El mercado de la primera criptomoneda se encuentra en una fase de incertidumbre, donde el optimismo a corto plazo choca con señales bajistas a largo plazo. Analizando la situación actual, veo un conflicto clásico entre el movimiento impulsivo y la debilidad estructural. El precio de bitcoin se ha recuperado hasta los $64,792, mostrando un crecimiento semanal del 1,59%, pero esto no es suficiente para una ruptura convincente.
Siete señales — cuatro a favor del alza
Mi modelo de evaluación, que incluye siete indicadores clave on-chain, muestra un panorama moderadamente alcista: cuatro señales apuntan hacia arriba, tres hacia abajo. Sin embargo, la fragilidad de este equilibrio es evidente. La adición de una sola señal, basada en el precio realizado, cambia drásticamente el panorama, desplazando la proporción de posiciones alcistas del 100% al 30%. Esto indica que el mercado está al filo de la navaja.
La raíz del problema está en la divergencia entre el impulso a corto plazo y la estructura a largo plazo. Mientras el precio intenta subir, los indicadores fundamentales apuntan a debilidad. El precio promedio de compra entre diferentes grupos de tenedores aún no favorece el crecimiento: los compradores recientes adquirieron bitcoin a un precio más bajo que los inversores a largo plazo (tenedores de 6 a 12 meses). La brecha en el precio promedio entre estos grupos es del -26,3% desde enero, una señal preocupante que a menudo precede a fases de redistribución.

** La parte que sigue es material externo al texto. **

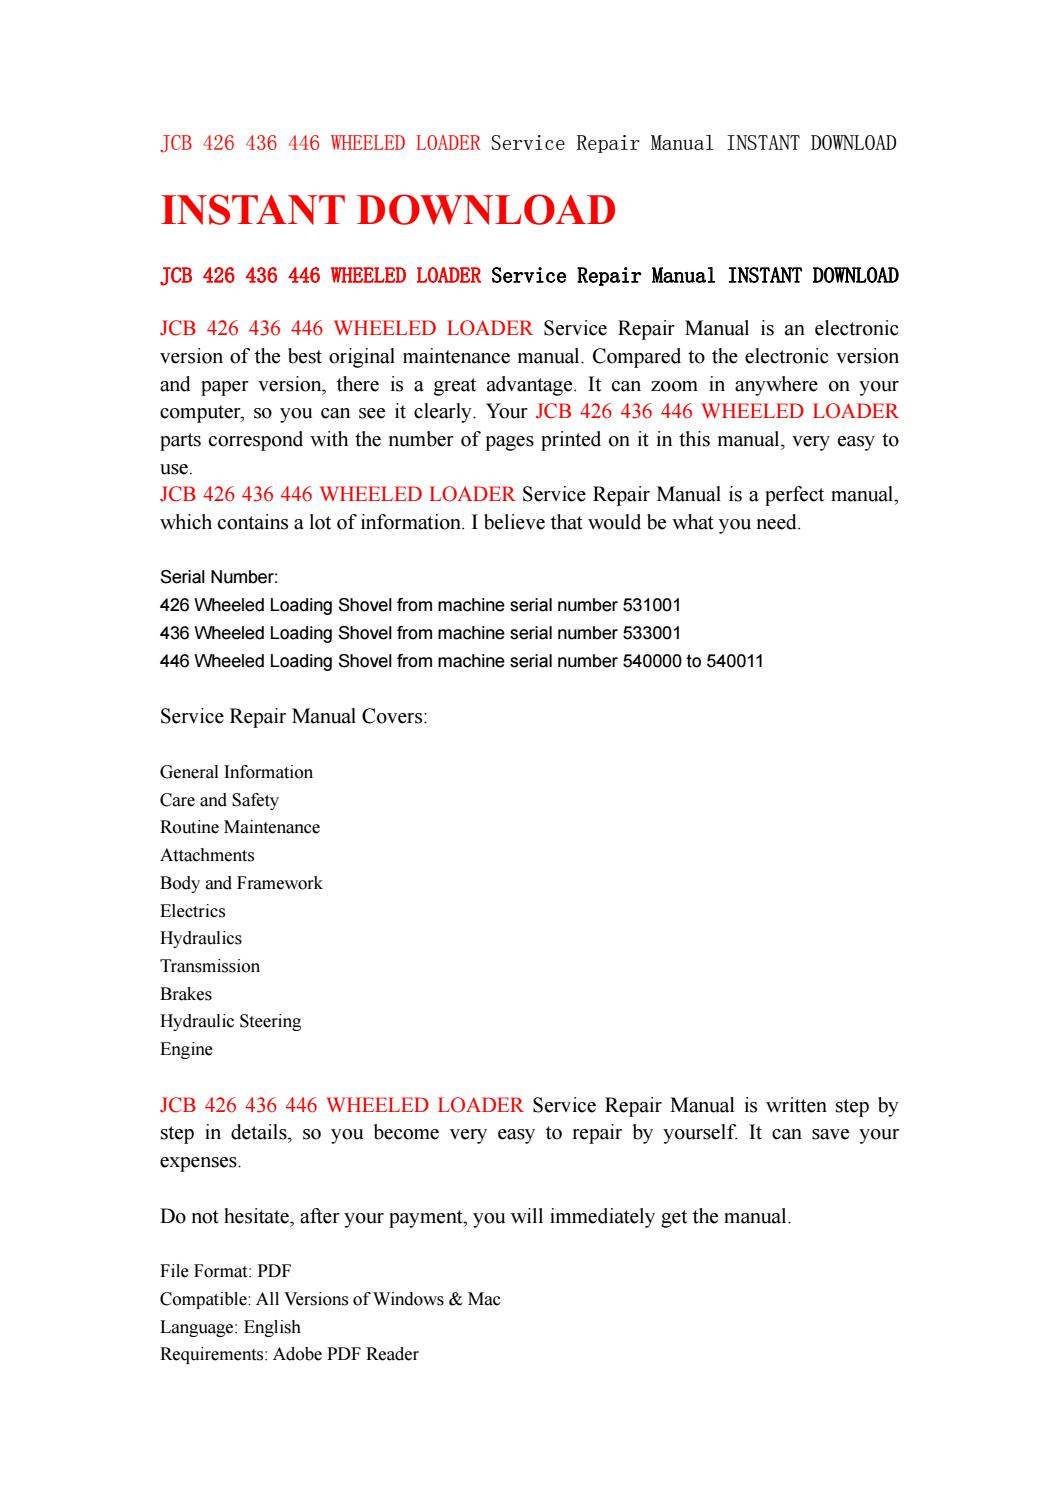 Jcb 426 436 446 wheeled loader service repair manual instant download by  kmfjnsuef7y - issuu
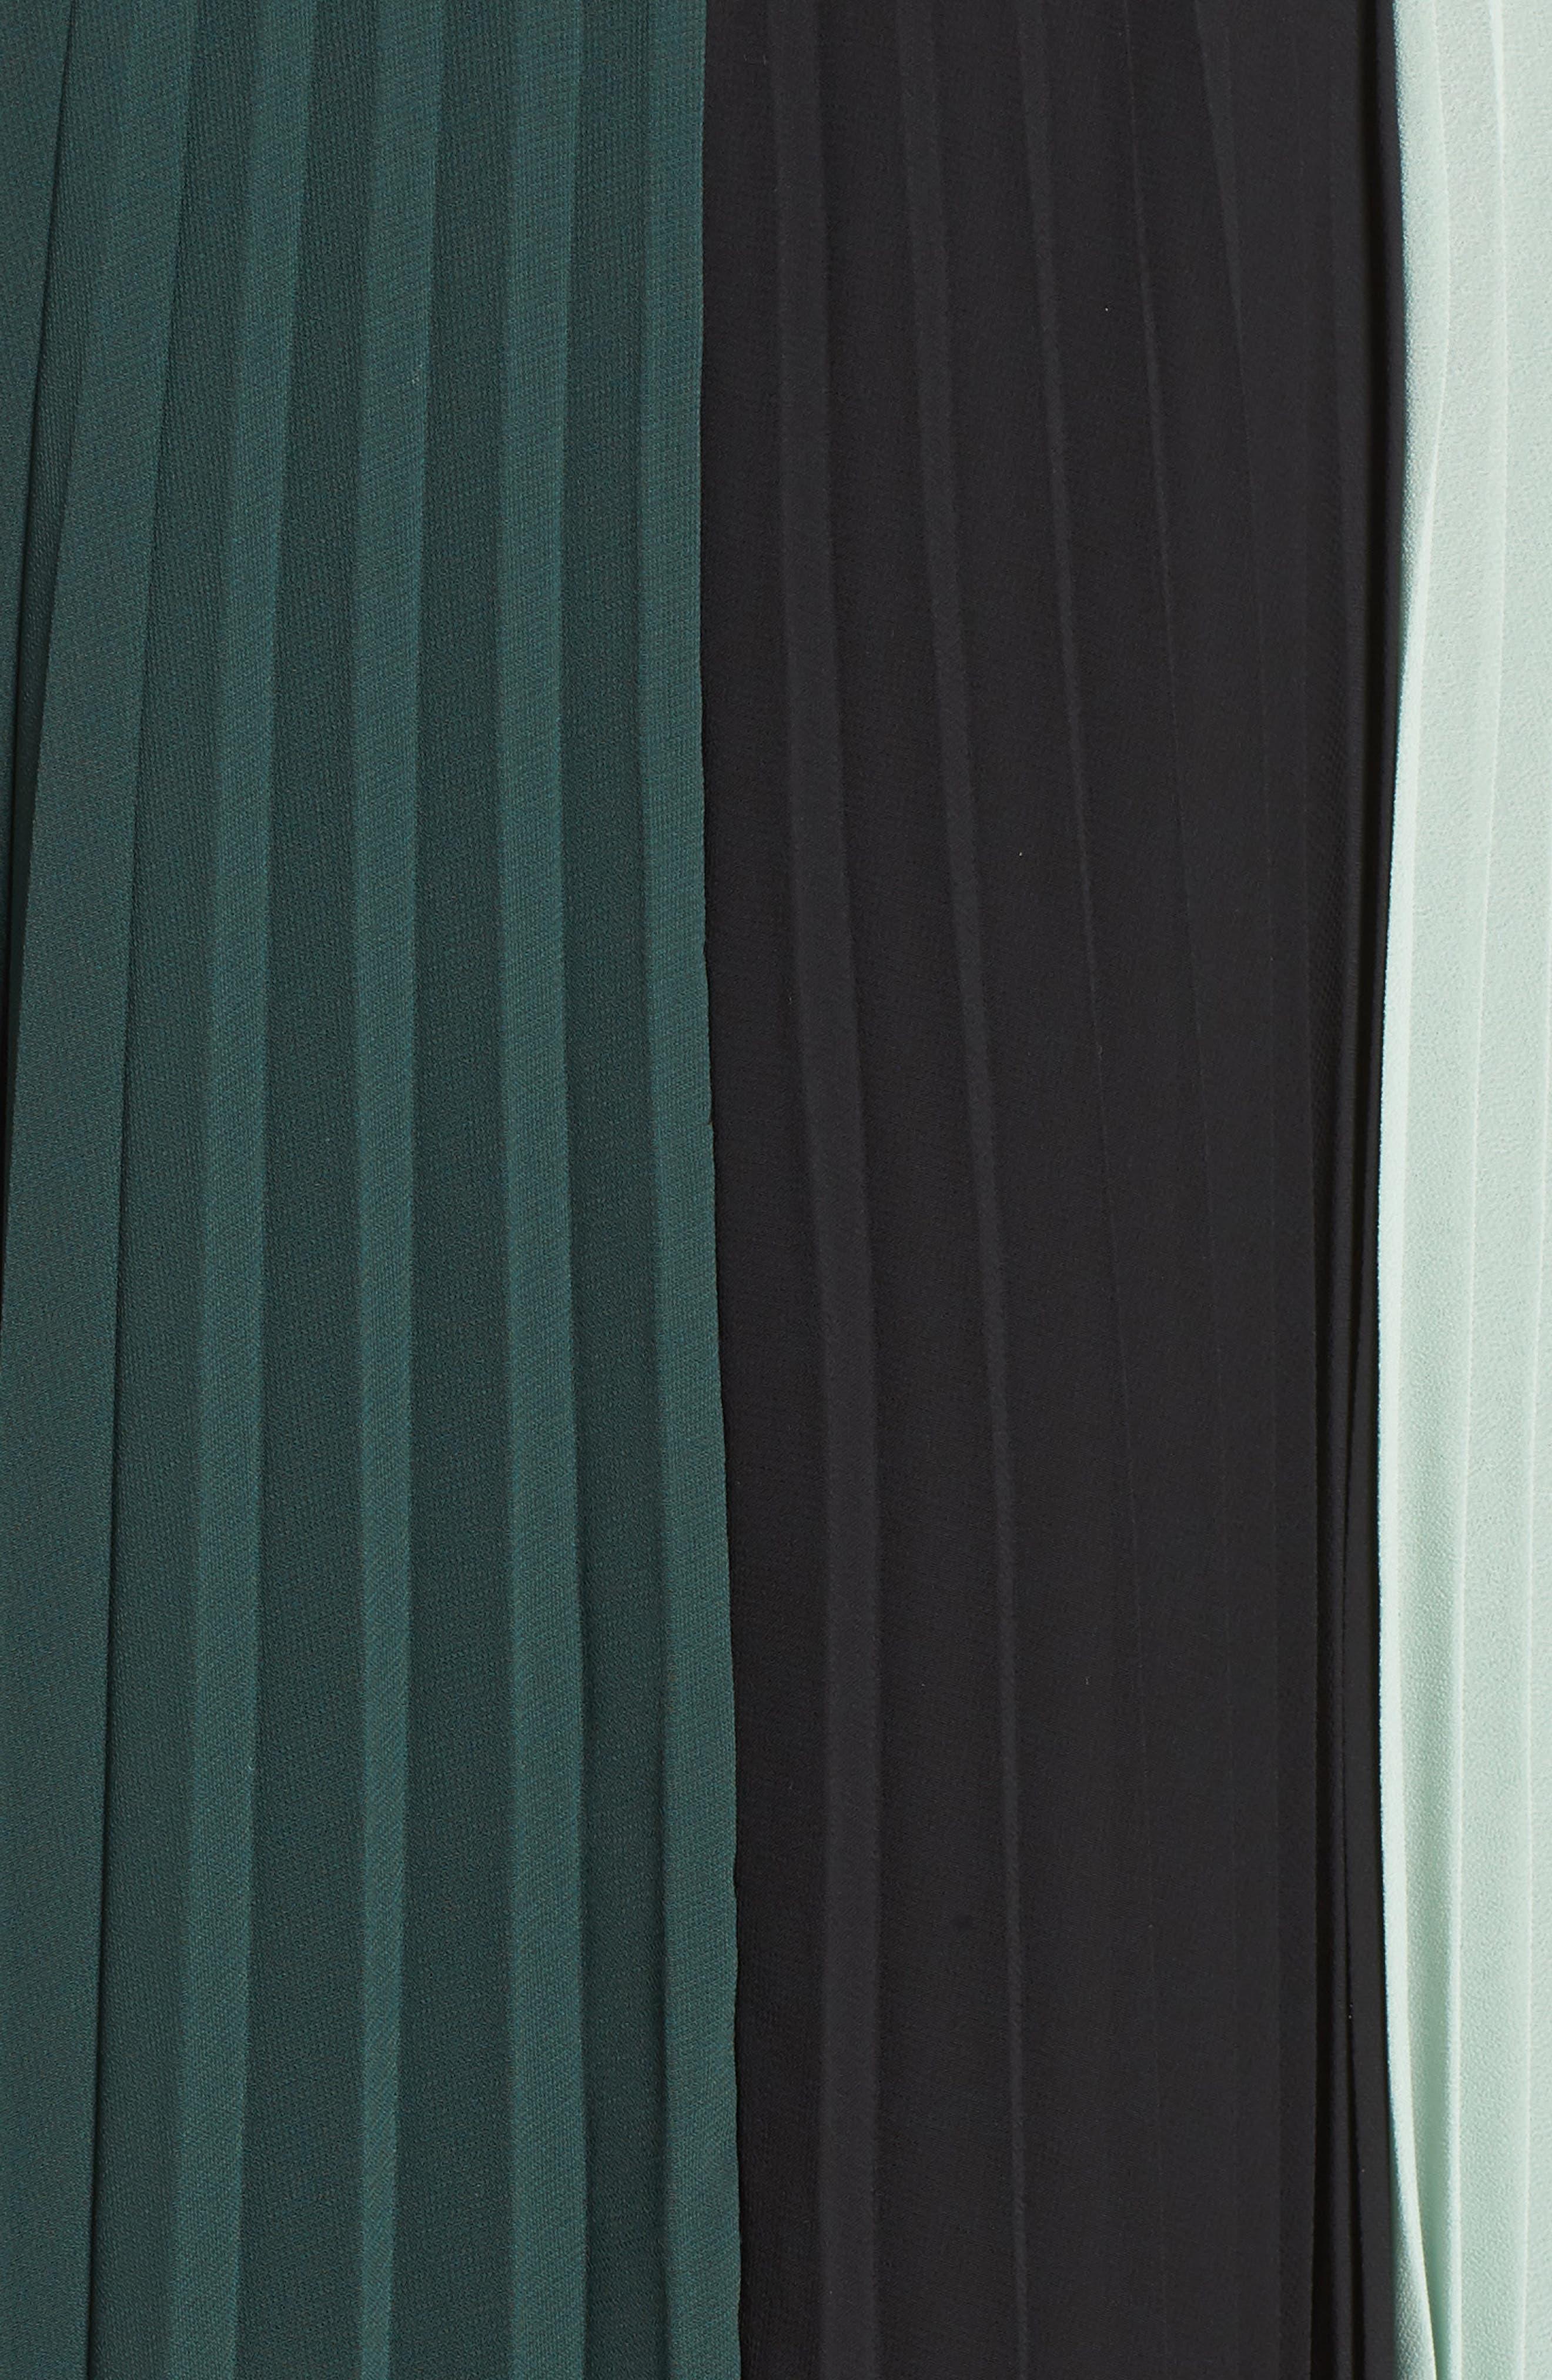 x Atlantic-Pacific Colorblock Pleated Midi Skirt,                             Alternate thumbnail 5, color,                             GREEN- BLACK COLORBLOCK

Contexto histórico y qué sigue
La comparación de dos enfoques — impulsivo y estructural — da una comprensión clara del dilema. El modelo impulsivo históricamente ha generado mayores rendimientos, pero con mayores caídas (hasta el 76%). El modelo estructural, por el contrario, limitó la caída máxima a aproximadamente el 40%, centrándose en la preservación del capital. En 2025, el enfoque estructural ya ha demostrado su eficacia, generando ganancias del 23% al 29%, mientras que la simple tenencia del activo resultó en una pérdida de aproximadamente el 34,6%.
La recuperación actual hasta los $64,800 la considero una señal esperanzadora, pero inestable. El factor clave para determinar la tendencia futura será la capacidad del precio para superar la brecha en los precios de compra entre los grupos de tenedores. Mientras los compradores recientes paguen menos que los experimentados, la estructura de riesgo se mantiene, y corre el riesgo de marcar una dirección bajista para el mercado.
Mi opinión: El mercado está atrapado en una zona de "ni sí, ni no". Una ruptura por encima de los $65,000 con un afianzamiento seguro podría cambiar el panorama a favor de los alcistas, pero por ahora las señales estructurales pesan más que las impulsivas. La paciencia es la mejor arma en esta incertidumbre.